ひとしきり暴れ終えたあと、俺は豪縋さんの袖を引いた。
「……うん?」
「悪かったと思うなら豪縋さん特製のおっきいパンケーキつくって! アイスのっててはちみつたらすやつ!」
「……今からか?」
「いま! 謝るタイミング!!」
「……はいはい」
俺は記者会見みたいな謝罪では許さない。
ちゃんと誠意をもって謝ってもらわないと。
豪縋さんは笑いながら部屋を出て行った。次に帰ってくるときは大きな皿にふかふかのパンケーキを持ってくるのだろう。バニラアイスとはちみつがのっているやつ。お店で出せるくらいに美味しいやつ。
「……あれ、そいやメゾロンテ」
布団の中に一緒にいたはずのメゾロンテがいなくて、周囲を見渡した。
もぞもぞ足元のほうでなにかが動く。メゾロンテだ。
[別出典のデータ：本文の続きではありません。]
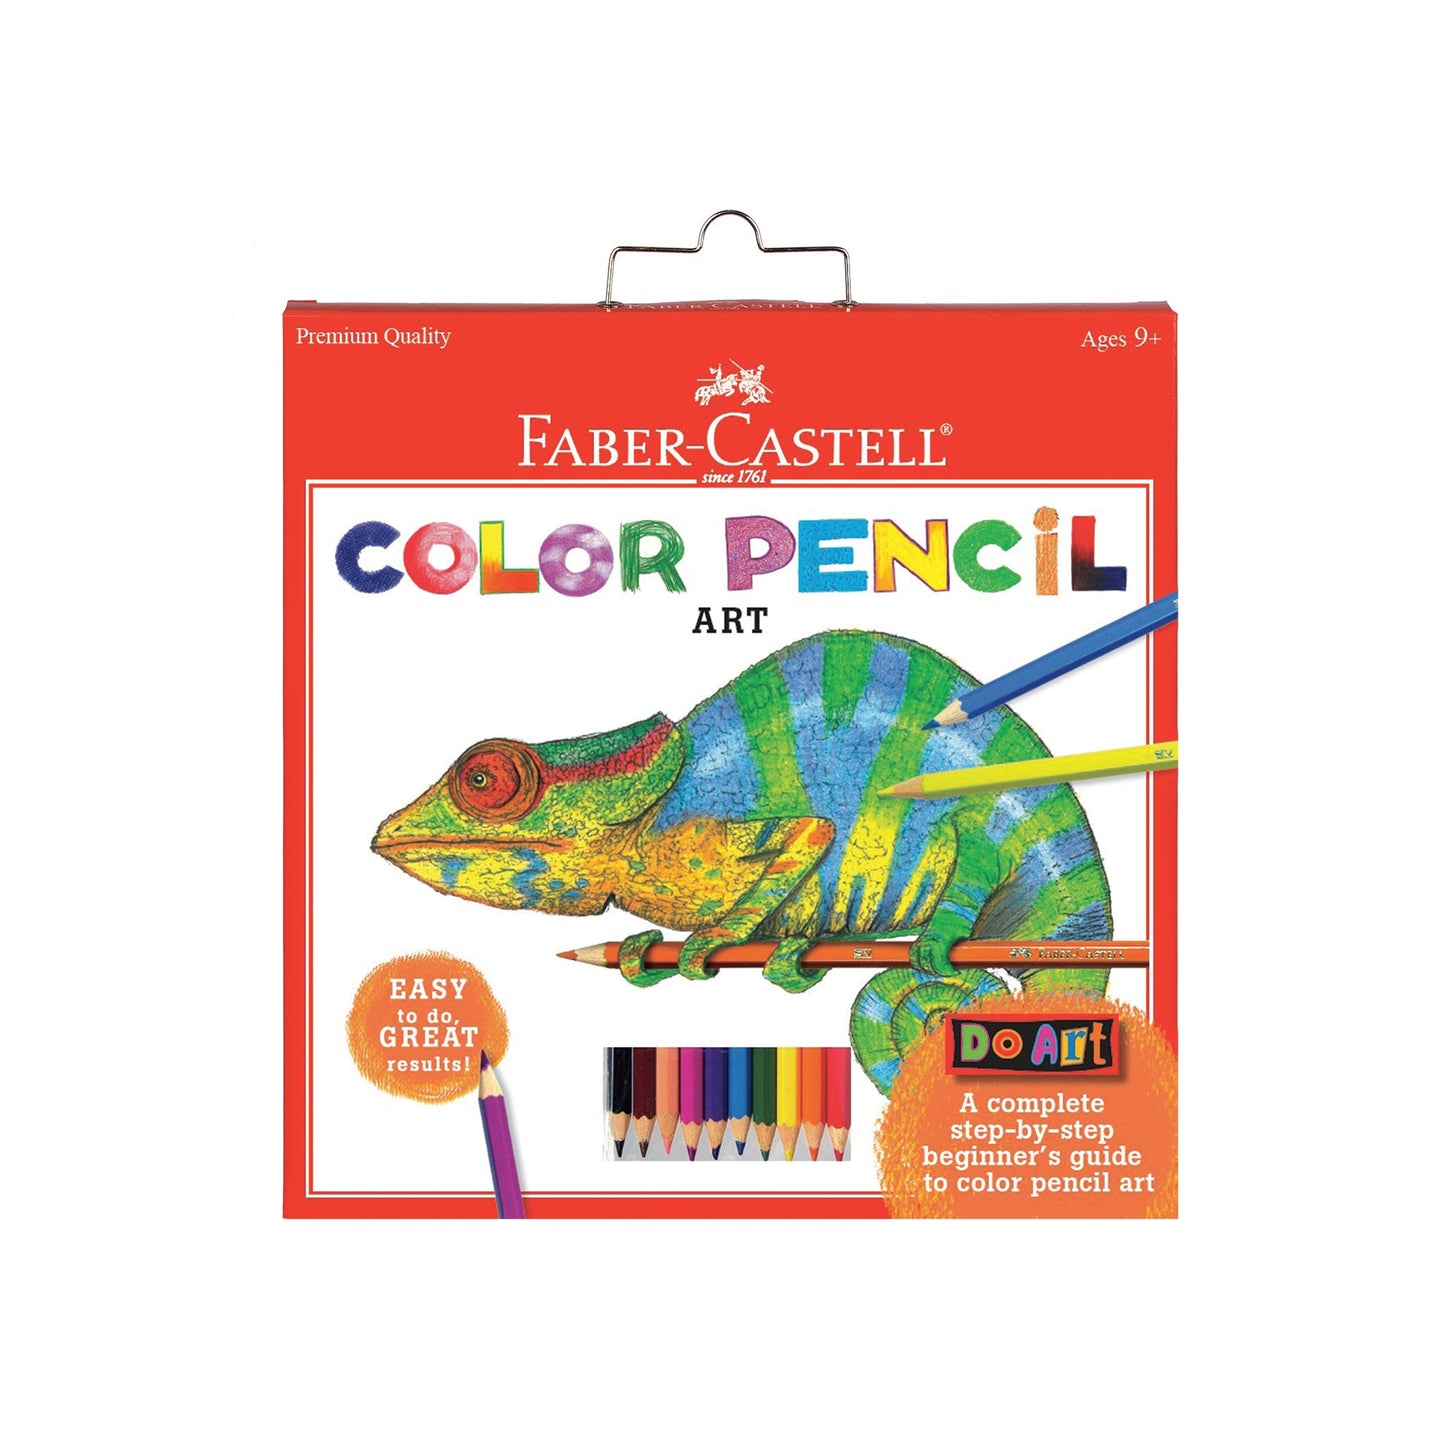 Do Art Color Pencil Art Kit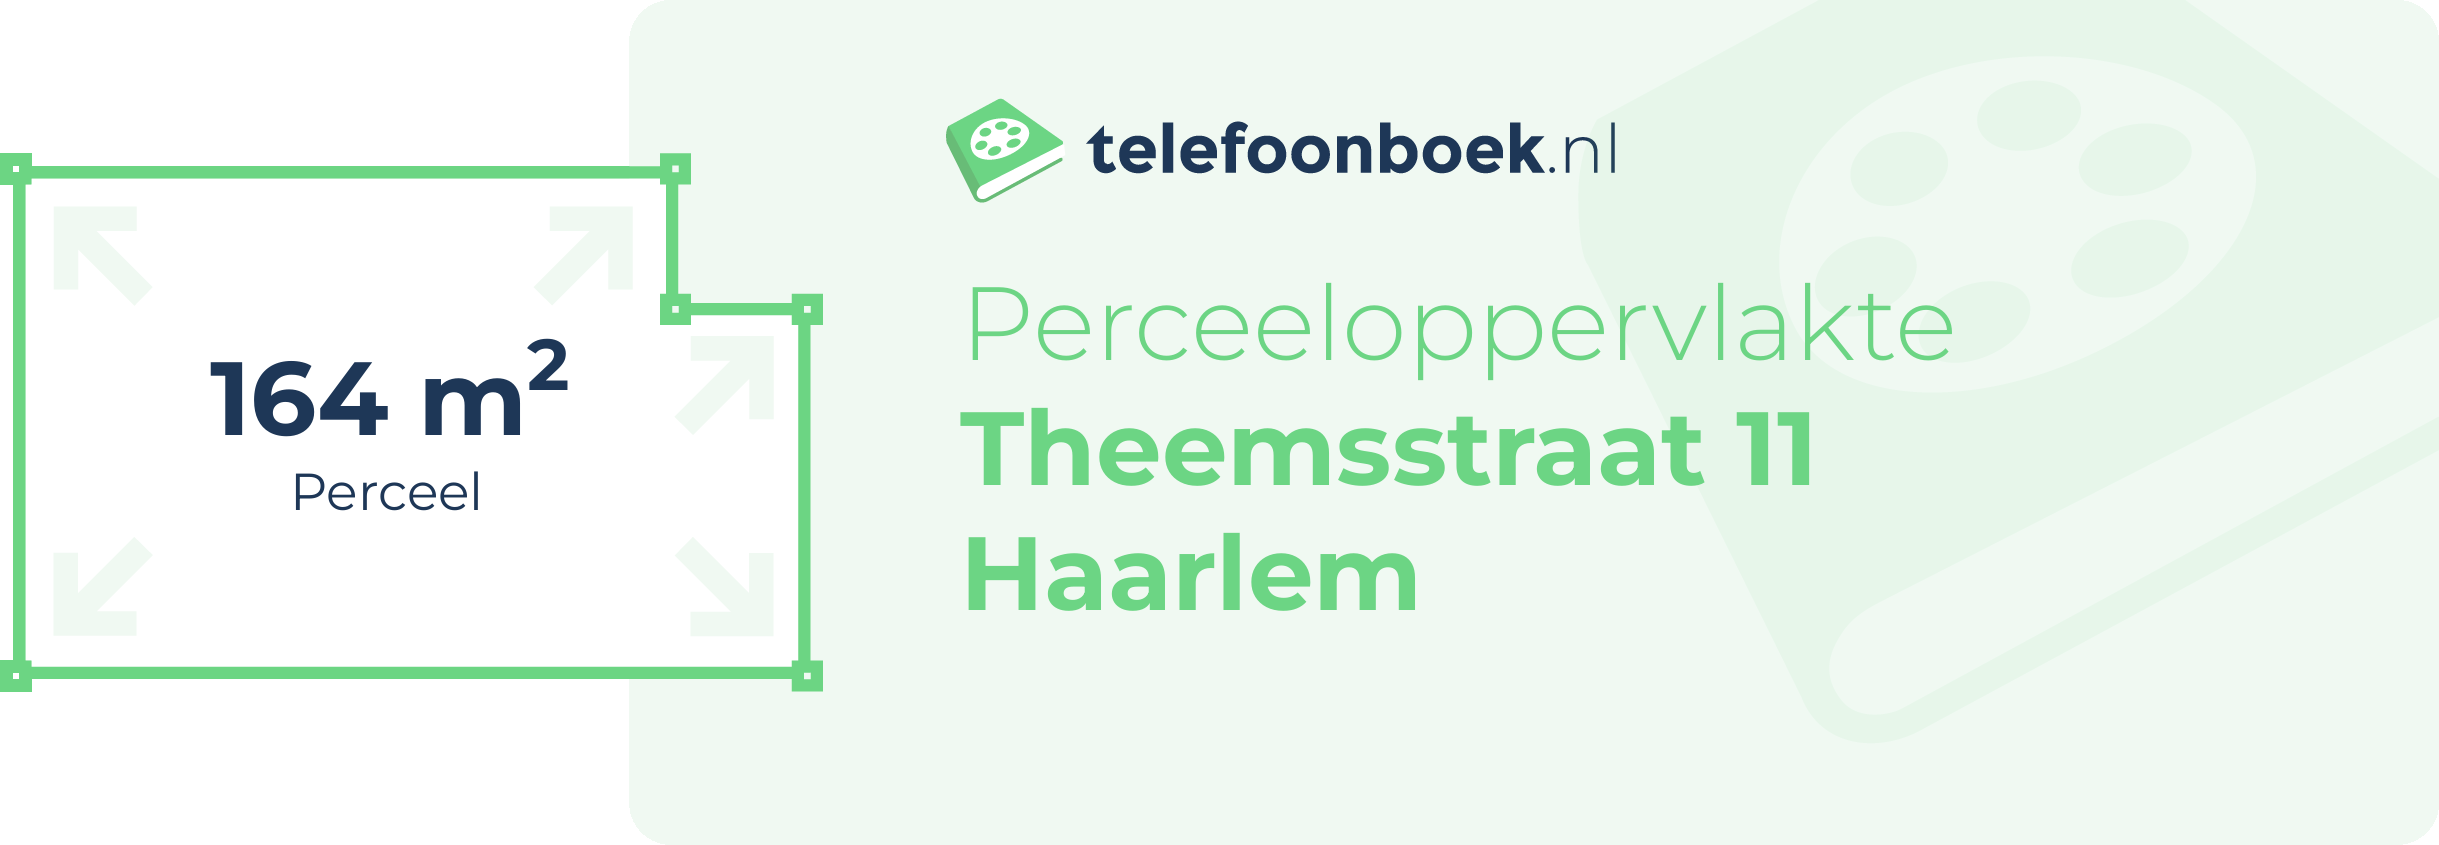 Perceeloppervlakte Theemsstraat 11 Haarlem

つぎはぎのネコで目は包帯で覆われていて、首にレースのリボンしている俺のキュートな相棒である。
「メゾロンテ~なあんでそないなところおるん? どした、さむかった?」
メゾロンテは「はわ」と持ち前の可愛い声でひと鳴きしてから、
「……馬に蹴られてはなるまいと思ったのです……」
と言った。
あ、それは本当にごめん。
パンケーキはいっしょに食べよな。